Eminent Domain in China – How It’s Seen (or Not Seen) in Academia.

As our readers may know, there have been widespread riots in China over the confiscation of land which over there the government leases to farmers, but from time to time decides to kick them out and sell their land to developers, pocketing the price as a source of municipal revenue. Chinese farmers and other small property owners being evicted in this fashion take a dim view of this process, particularly since the compensation paid to them is grossly inadequate. See gideonstrumpet.info/?p=1923.  So we though it might be interesting to see what American law academics think of the rule of law in China and we turned with interest to a short article entitled The State of Chinese Law, published in The Law School, one of those slick alumni magazines published by NYU Law  School for 2011.

But we were disappointed to learn that the Chinese legal subjects these folks were interested in included none of this stuff. Instead, they were: Labor law, human rights, criminal law, and the justice system. Not a trace of property rights in general, or their confiscation in particular. Not a peep about those riots we have already alluded to.
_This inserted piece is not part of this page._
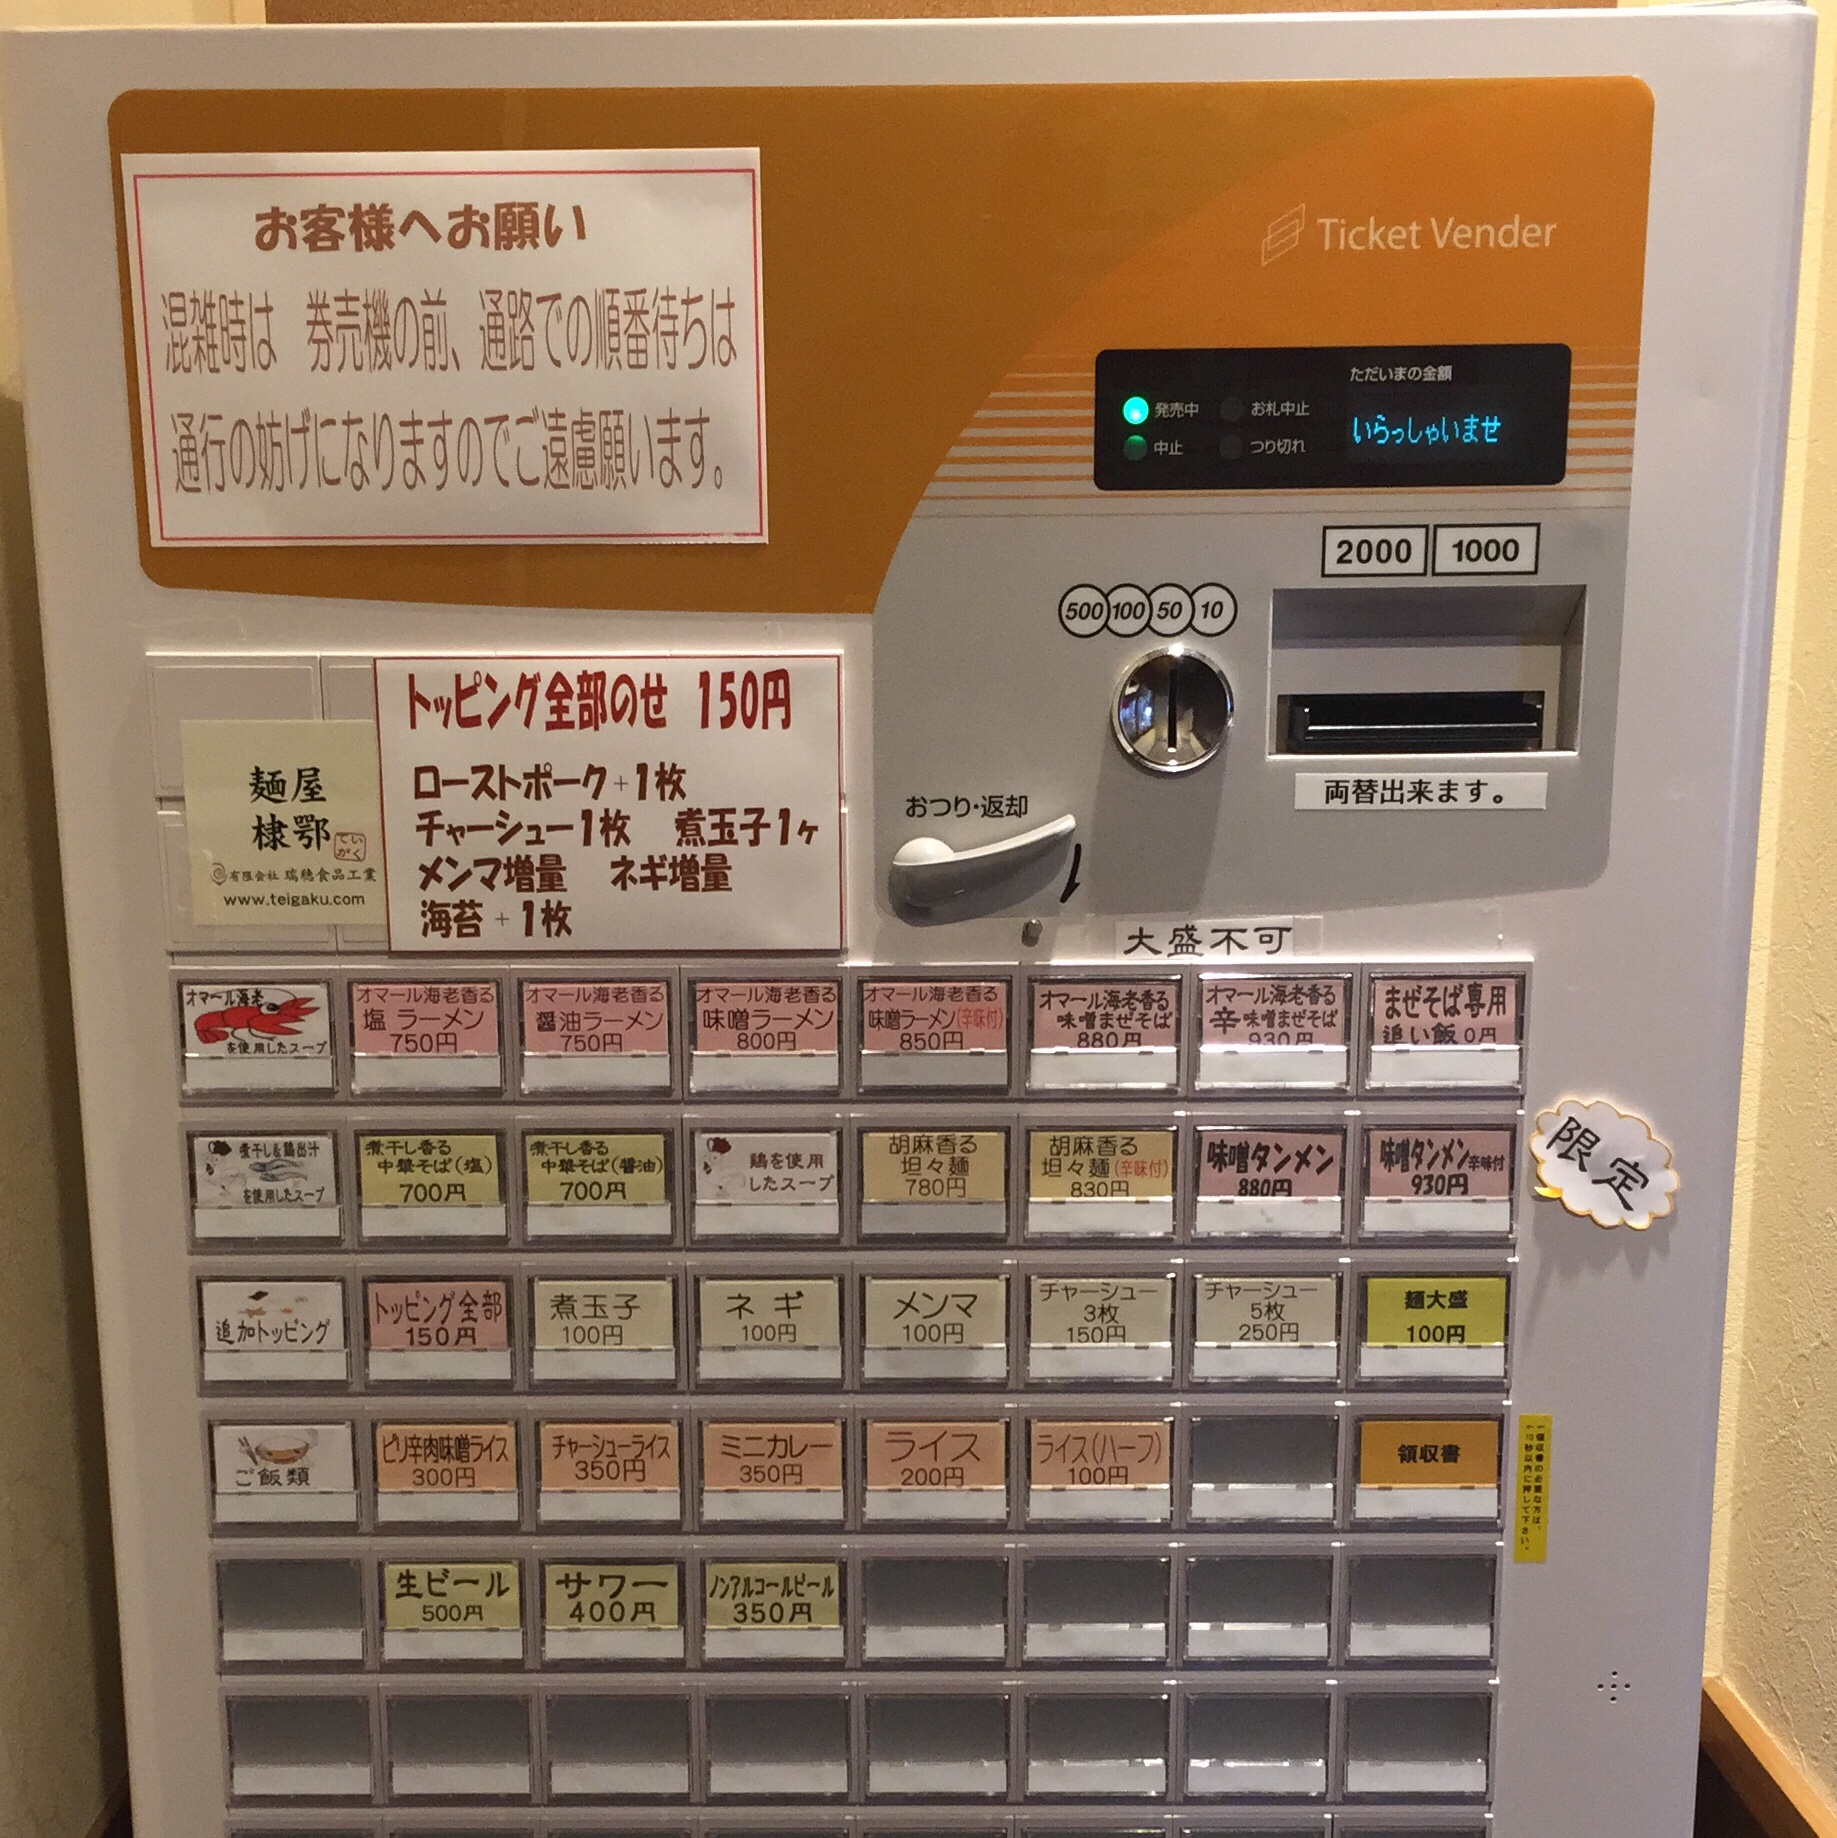 NOODLE SHOP KOUMITEI(香味亭) 券売機 メニュー

But all is not lost in Academe. The good news is that next week, the William & Mary College School of Law, together with Tsignhua University, will co-sponsor a symposium on property rights, to be held in Beijing. It remains to be seen what participants in that Beijing conference will have to say about the violence over private property rights, that is going on in China even as we write.

This year, the recipient of William & Mary’s annual Brigham-Kanner prize is Justice Sandra Day O’Connor. Her remarks have been videotaped and will be available in a few days. For additional information about the Beijing conference, click here. By now it’s too late to make arrangements to attend, but the information you get when you click on the highlighted word, contains links to various detailed aspectes of the Brigham-Kanner conference in Beijing.

 

How Come Judges Who Are Insightful and Critical In Environmental Cases, Fall Silent and Proclaim Themselves to Be Incompetent to Review Government Action in Eminent Domain Cases?

We have commented on this subject before, and today’s Los Angeles Times brings it back to mind forcefully. In Bettina Boxhall, He Had Control Over California’s Spigot, October 9, 2011, at p. A37,  the Times tells the story of federal judge Oliver W. Wanger who has presided for years over the complex litigation involving decisions “how much water gets pumped from the Sacramento-San Joaquin Delta south to fields and cities and how much stays behind to sustain fish species pushed to the edge of extinction by the state’s thirst.” The article takes note of Judge Wanger’s harsh chewing out of federal government functionaries for what he called “deliberate deception and ‘bad faith’ on the part of the Interior Department.”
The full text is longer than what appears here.